The Eric Bell Tennis Centre has housed the association for many years, but the facility is owned by the Overseas Examination Council and negotiations will begin soon on renewing a lease for the complex.

"We would love to get 49 years. It is hard to improve and spend capital, so we trying to get a long-term arrangement. The longer the better," he said.

The Eric Bell Centre also happens to be one of the few public courts in the island — something Bailey wants to change. Ideally, there would be public tennis courts across the island, especially in the main towns and cities of Montego Bay, Ocho Rios and Mandeville.

Shortage of equipment also adversely affects the development of the sport.

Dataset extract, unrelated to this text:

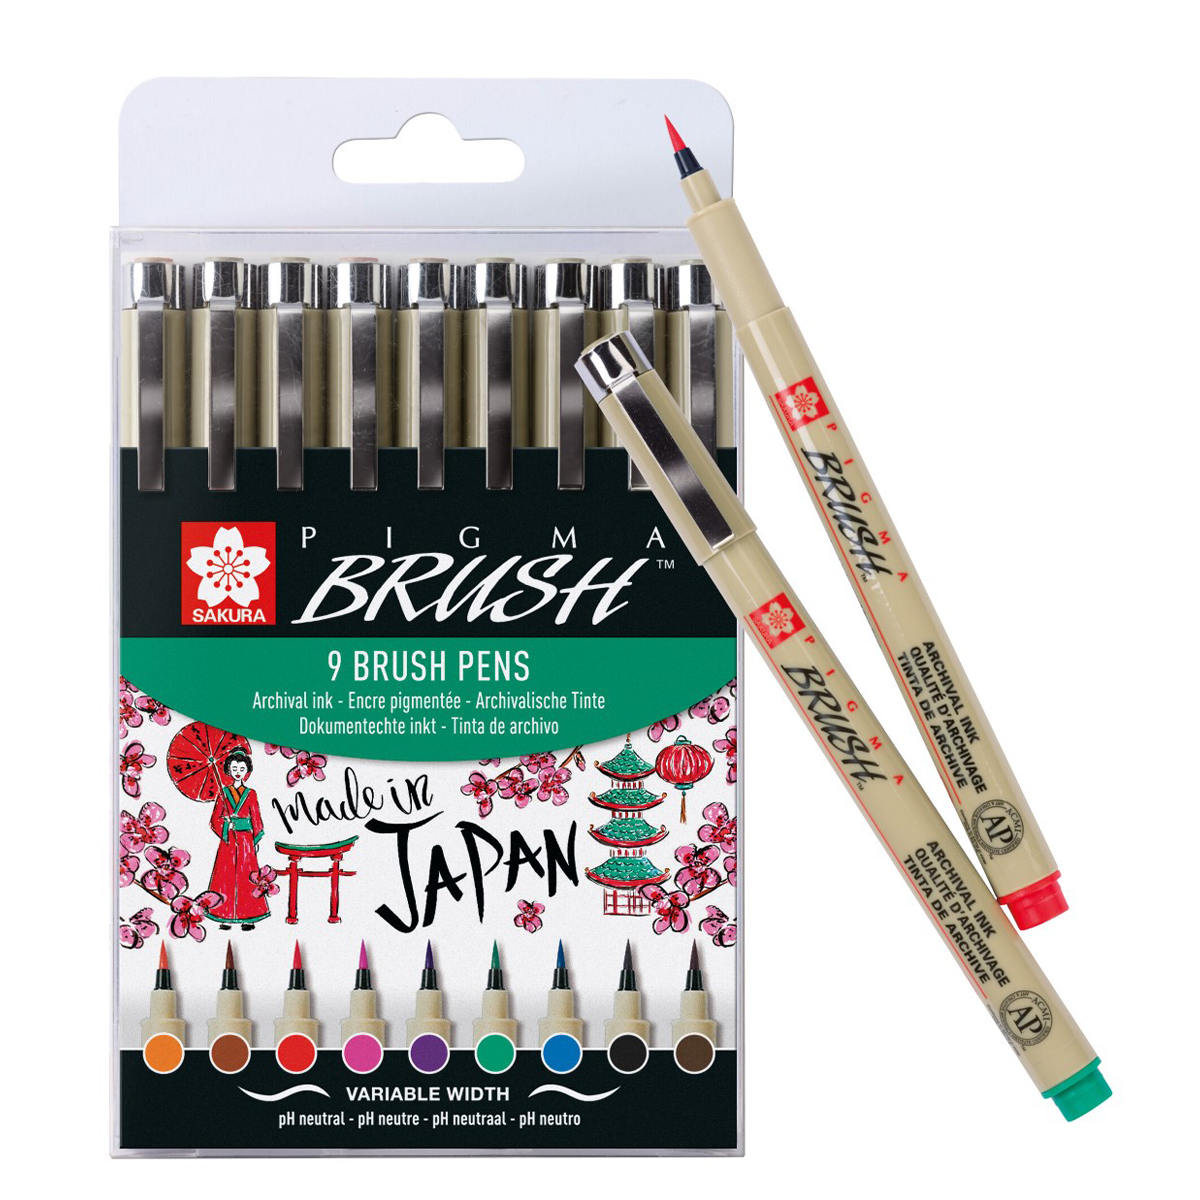 Pigma Micron Brush Color sæt 9 stk i gruppen Penne / Produktserie / Pigma Micron hos Voorcrea (103307)

"Equipment is donated from primarily overseas," he explained.

Bailey, who was elected in June after acting in the post since March following the resignation of Aubyn Hill, said several areas had been identified, with a director assigned to each.

"Each director is passionate," Bailey said. "As part of the technical development, we are targeting a schools programme to get tennis back into 20 schools each year."

Christine Gore has been charged with taking that programme forward, while Marcus James will focus on coaching.

"(We) are trying to establish a coaches register, local and overseas, and trying to get most coaches certified by ITF (International Tennis Federation) or similar," he explained.

The association will be trying to get some coaching courses going while officiating and trying to further increase the pool of national officials and white badge referees is important.

"When we have tournaments we can have white badge referees," said Bailey, adding that Simon Casserly will head that drive.

For the year past, Bailey was able to pick out some successes, notably, the ITF Junior Tennis Tournament in July which brought together all the top juniors from across the region.

"Our Davis Cup team did fairly well," Bailey added.

Looking forward to 2013, the improving of the fortunes of the Women's Fed Cup is a goal.

"The women had gotten a little weak in the past," Bailey said. Tennis Jamaica will need to focus on its younger players as well to get the right foundation.

"So those are the main technical development areas. We are trying to develop and promote the sport of tennis and 10-and-under is where we need to start," Bailey said.